DataFrame is a wrapper for data frame, representing a distributed collection of data row.

func NewDataFrame

func NewDataFrame(session *sparkSessionImpl, relation *proto.Relation) DataFrame

NewDataFrame creates a new DataFrame

type DataFrameReader

type DataFrameReader interface {
	// Format specifies data format (data source type) for the underlying data, e.g. parquet.
	Format(source string) DataFrameReader
	// Load reads the underlying data and returns a data frame.
	Load(path string) (DataFrame, error)
	// Reads a table from the underlying data source.
	Table(name string) (DataFrame, error)
	Option(key, value string) DataFrameReader
}

DataFrameReader supports reading data from storage and returning a data frame. TODO needs to implement other methods like Option(), Schema(), and also "strong typed" reading (e.g. Parquet(), Orc(), Csv(), etc.

func NewDataframeReader

func NewDataframeReader(session *sparkSessionImpl) DataFrameReader

NewDataframeReader creates a new DataFrameReader

type DataFrameWriter

type DataFrameWriter interface {
	// Mode specifies saving mode for the data, e.g. Append, Overwrite, ErrorIfExists.
	Mode(saveMode string) DataFrameWriter
	// Format specifies data format (data source type) for the underlying data, e.g. parquet.
	Format(source string) DataFrameWriter
	// Save writes data frame to the given path.
	Save(ctx context.Context, path string) error
}

DataFrameWriter supports writing data frame to storage.

type GroupedData

type GroupedData struct {
	// contains filtered or unexported fields
}

func (*GroupedData) Agg

func (gd *GroupedData) Agg(ctx context.Context, exprs ...column.Column) (DataFrame, error)

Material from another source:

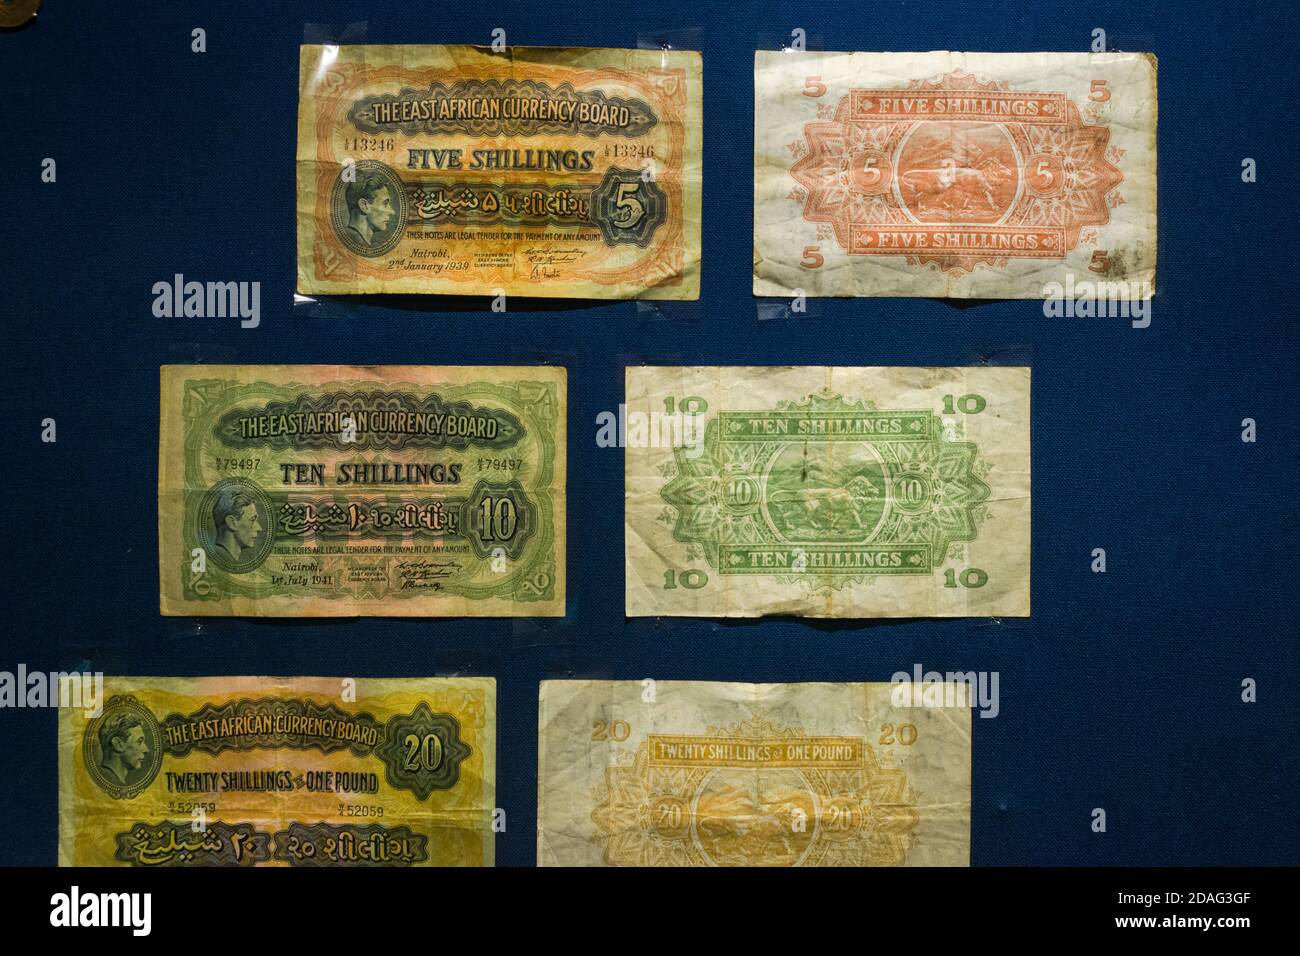 Various old bank notes of the East African Currency Board on display, Nairobi National Museum, Kenya Stock Photo

Agg compute aggregates and returns the result as a DataFrame. The aggegrate expressions are passed as column.Column arguments.

func (*GroupedData) Avg

func (gd *GroupedData) Avg(ctx context.Context, cols ...string) (DataFrame, error)

Avg Computes the avg value for each numeric column for each group.

func (*GroupedData) Count

func (gd *GroupedData) Count(ctx context.Context) (DataFrame, error)

Count Computes the count value for each group.

func (*GroupedData) Max

func (gd *GroupedData) Max(ctx context.Context, cols ...string) (DataFrame, error)

Max Computes the max value for each numeric column for each group.

func (*GroupedData) Mean

func (gd *GroupedData) Mean(ctx context.Context, cols ...string) (DataFrame, error)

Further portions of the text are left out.